Methods: DGA was explained to 299 surveyed subjects (mother or father), and then the questionnaires were filled in. Parental acceptance rate were determined by a 100mm visual analogue scale (VAS). At the left end of the line appeared the words "completely acceptable" (0mm); at the right end of the line appeared the words "completely unacceptable" (100mm). Each parent placed a mark on the horizontal line at a point corresponding to their personal acceptance rating of the DGA technique. The acceptance rating of DGA was determined by measuring the distance on VAS line from the left end to the marked point by the subject. SPSS13.0 software was used for statistical analysis.

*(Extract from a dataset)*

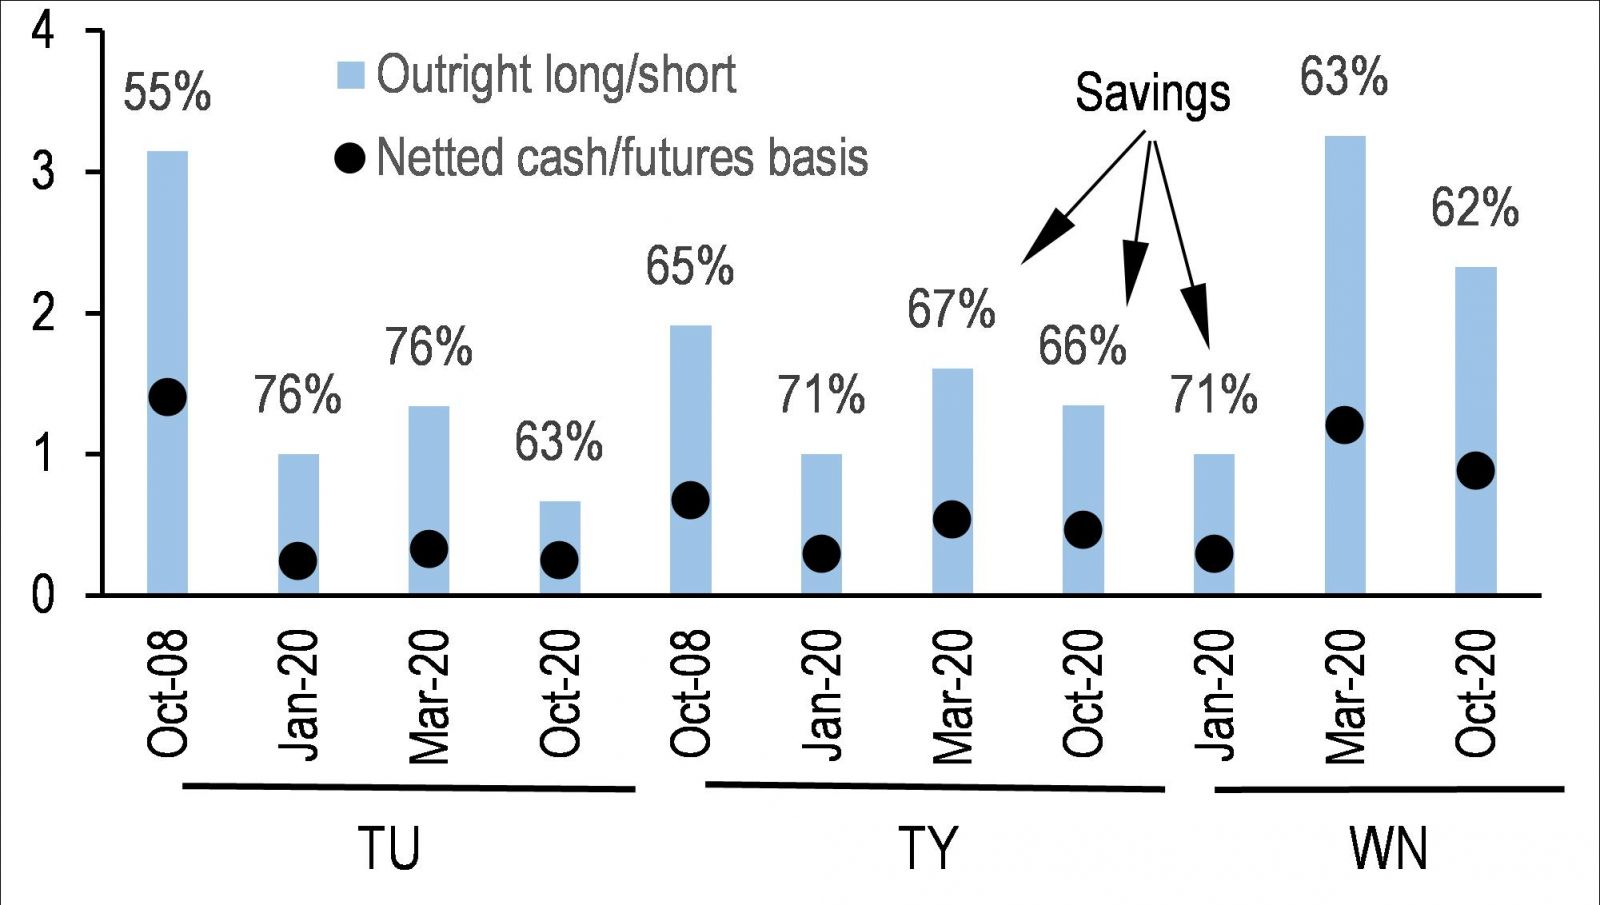 Exhibit 6: Allowing cross-margining of cash/futures basis positions would significantly reduce IM requirements and could allow for more stable and conservative minimums IM requirements of outright and netted CTD cash/futures basis positions by evaluation date, both normalized to 1.0 for outright positions as of January 2020, with savings indicated above; unitless

Results: Spearman correlation analysis demonstrated that there were no correlation between the DGA acceptance rate and the age of child, the age of the parents, educational level, and the frequency of dental visit for the child. For the surveyed mother, acceptance rate of DGA was positively related with the monthly income (r=0.21,P<0.05) and was negatively related with the evaluated score of child cooperation degree( r=-0.137,P<0.05).
Conclusions: There was no correlation between the DGA acceptance rate and the age of child, age of parents, educational level and frequency of dental visit for the child. There were different considerations for mother and father when choosing DGA. The major influence factors for mother to accept DGA was the income level and the status of children's cooperation. Adequate explanation of DGA to both father and mother should be emphasized. Family income may be the most important factor for the lower acceptance rate of DGA at the present.